Media outlets create their own, such as NBC’s video camera pin with a flashing red light. Corporate sponsors such as Coca-Cola lure victims with series pins that drive buyers to distraction, fearing to miss even one in the set. Thousands of different designs are fashioned for each Olympics, with sales at Sydney reportedly reaching 65 million pins in 2000. Major corporations help spread the pandemic by setting up trading areas in cities hosting the Games, drawing mobs of wild-eyed enthusiasts.

“We used to see the sun come up on Figueroa; we were out there all night trading during the Los Angeles Games,” says Suzanne Papazian, who has attended 11 Olympics in a row.

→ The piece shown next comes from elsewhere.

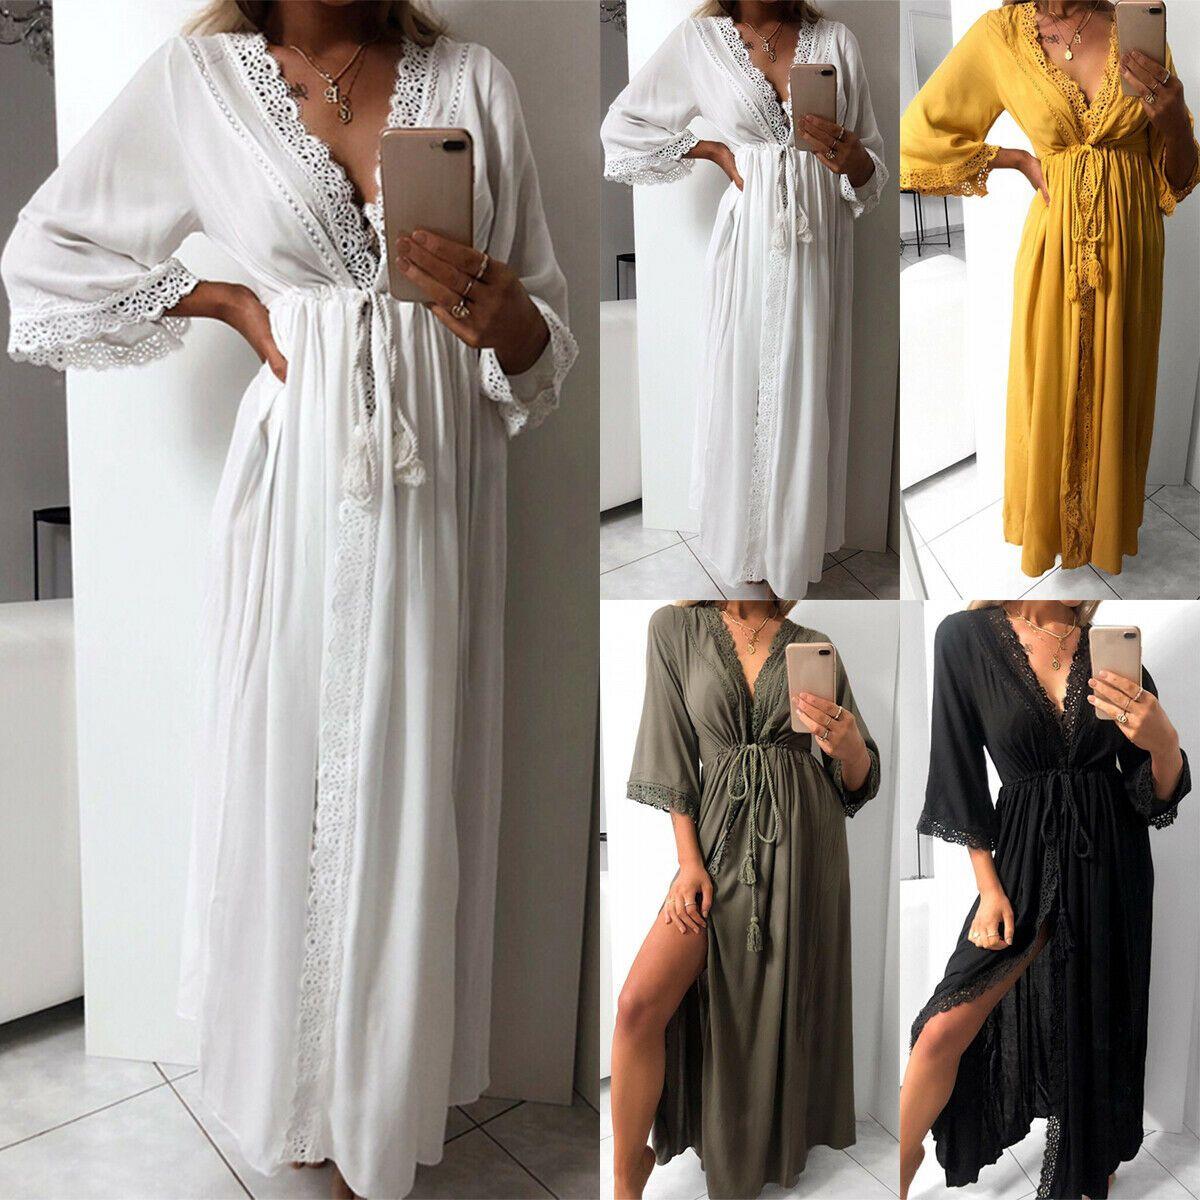 buy popular 24432 7912f Damen Spitze Wickelkleid Lang Strandkleid Kimono Sommekleid ...
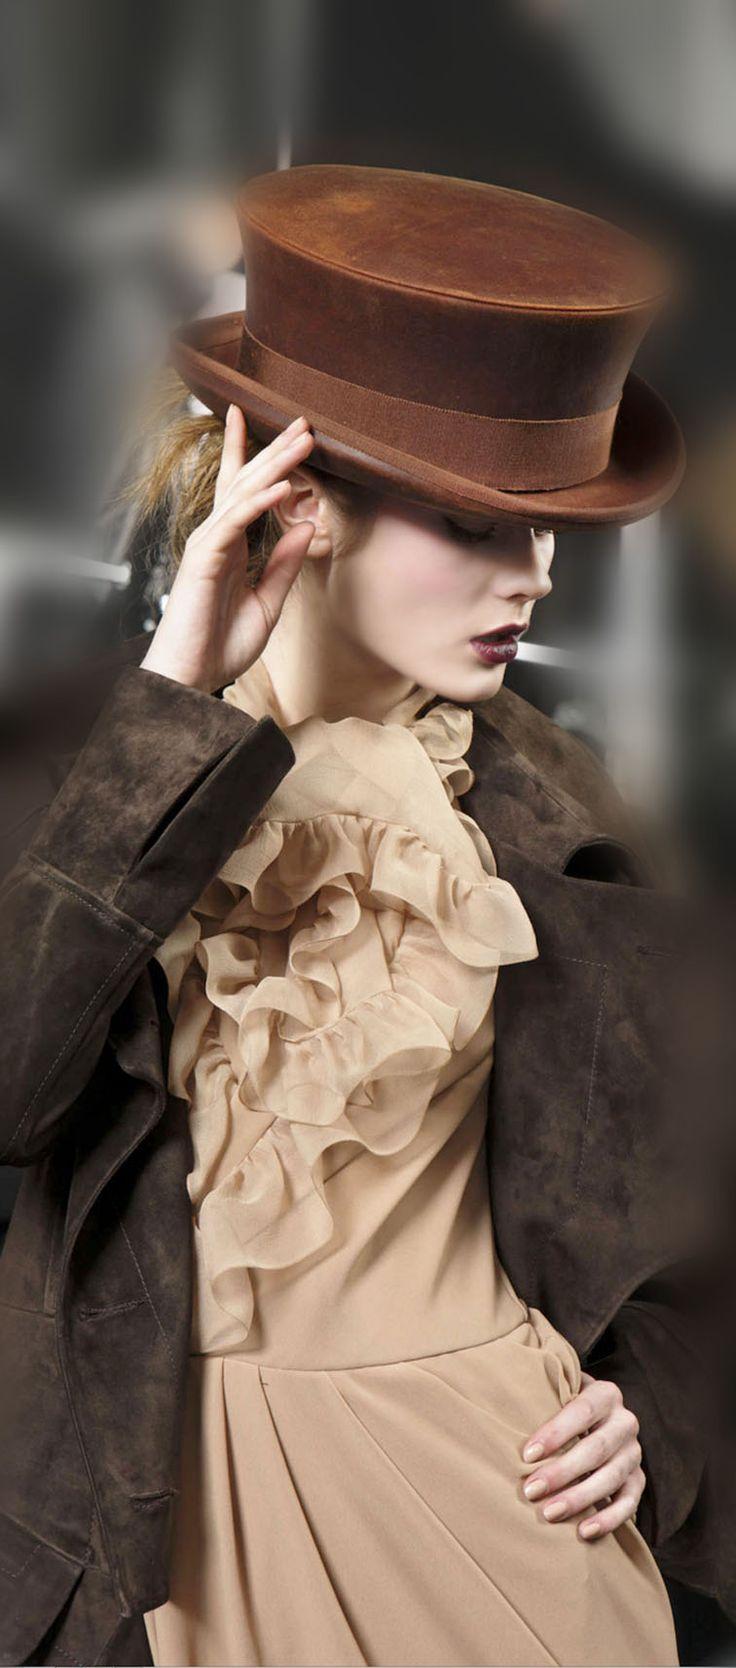 anbenna:   Christian Dior - She's A Lady

Papazian tells of completing a set of pins while in Nagano that formed the shape of a Coke bottle for about $100, then selling it right away to a desperate Japanese collector for $1,000. Of course, she had also assembled a set for herself. Fleming says, “It’s like a panic attack; it’s like buck fever, you find insanity among people during the Games. When people have to have something, they’ll pay anything for it. It takes over your common sense.”

Fleming says he has witnessed many an ugly scene over pins, like the former torch-bearer who resorted to shoplifting them from Fleming’s store and another obsessed client who spent himself into an inextricable hole for pins, beautiful pins. “He ended up in a hospital under a suicide watch, all because of pins.”

Some will do just about anything for a fix. Ray Erwin of Los Angeles, who estimates his collection at 10,000 pieces, says that a woman in Barcelona asked him for six pins in exchange for her company for the night. Not even six valuable items, he emphasizes, just ones with the words “Barcelona 1992” on them. (A married man, Erwin declined the offer.)

Richard Murray of Ontario, Calif., a respiratory therapist and longtime member of the New York-based Olympin Club, the hobby’s largest organization, is working to set up the club’s 23rd annual collector’s show in October, which for the first time will be held in Los Angeles.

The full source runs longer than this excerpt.